運輸業および郵便業における最近の研究では、これらの産業が遭遇した需要の変動と、それにどのように対処してきたかが明らかにされています。この研究は、日本全国のさまざまな企業を対象に行われたヒアリングに基づいており、特に雇用と労働条件の維持に注目が集まっています。

研究の結果、各企業が採用した雇用調整策は多岐にわたりますが、鉄道、バス、郵便、物流各業界での具体的な対策が示されています。

たとえば、ある鉄道会社は助成金の活用や賃金の抑制を含む多様な対策を実施しましたが、他の会社では状況に応じてさらに異なるアプローチが取られています。
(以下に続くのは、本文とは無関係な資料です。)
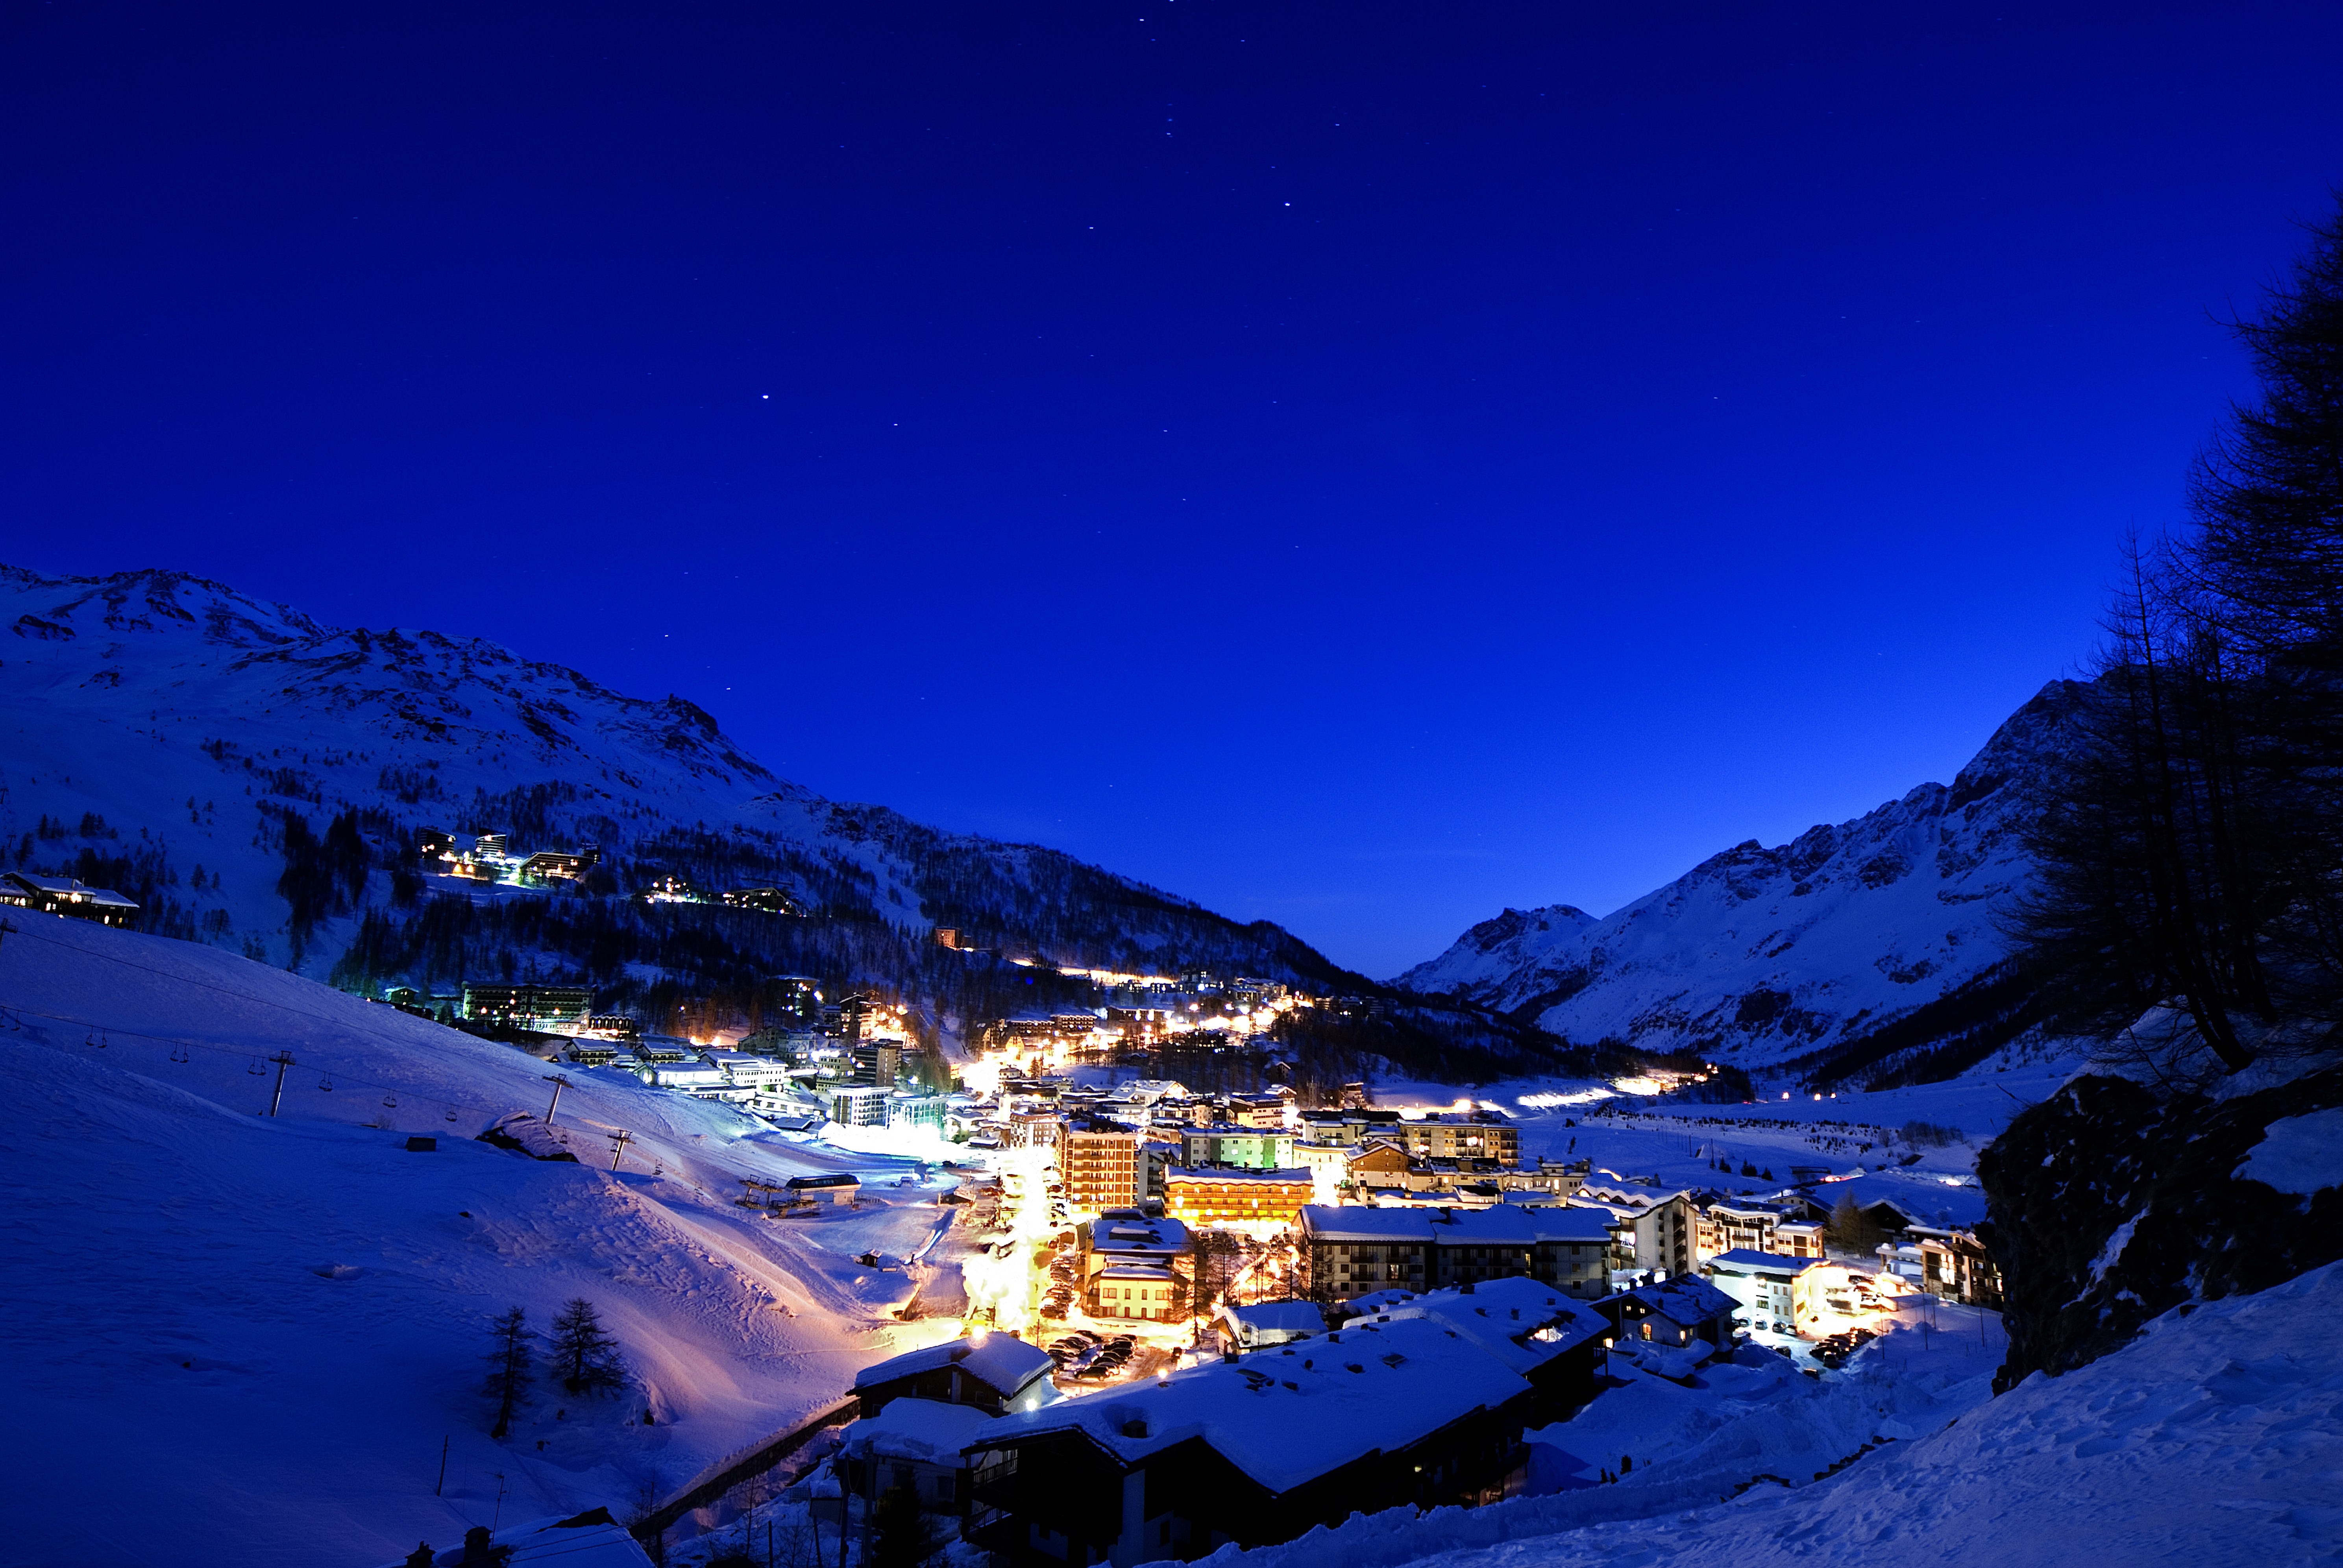 Ski Resort Of Cervinia Italy Wallpaper And Image

物流業では、新型コロナウイルスの影響による一時的な需要減少と、同時に発生した巣ごもり需要の増加にどう対応するかが課題となりました。

人材確保に関しても同様に、各社は困難な課題に直面しています。研究では、人材不足に対する具体的な対策として、初任給の引き上げや、離職防止策の実施などが挙げられています。

労働時間短縮を求める新しい労働時間規制の導入に伴い、バス運転手やトラックドライバーの業務における人手不足がさらに深刻化することが予想されており、これにどう対応するかが今後の大きな課題です。

労使関係の観点からも重要な発見があり、特に春闘交渉の変化が注目されています。新型コロナウイルスの影響下で、多くの企業が雇用を維持するために賃金抑制を受け入れざるを得なかった実情があります。しかし、同時に労働組合と企業との間で新たな交渉が模索され、労使間の新たな関係構築への動きも見られました。

以上の研究から、運輸業および郵便業の未来に向けたいくつかの政策的示唆が得られます。特に人材の確保、サービス価格の見直し、さらなる労働条件の改善が求められることが明らかになりました。これらの業界が直面する課題に対処するためには、持続可能な対策の継続的な検討と実施が必要です。

この研究は、政策立案や企業戦略に関する重要な情報を提供するものであり、多様な働き方や労使関係の進化に対する理解を深める助けとなるでしょう。研究は令和4年から5年度にかけて行われています。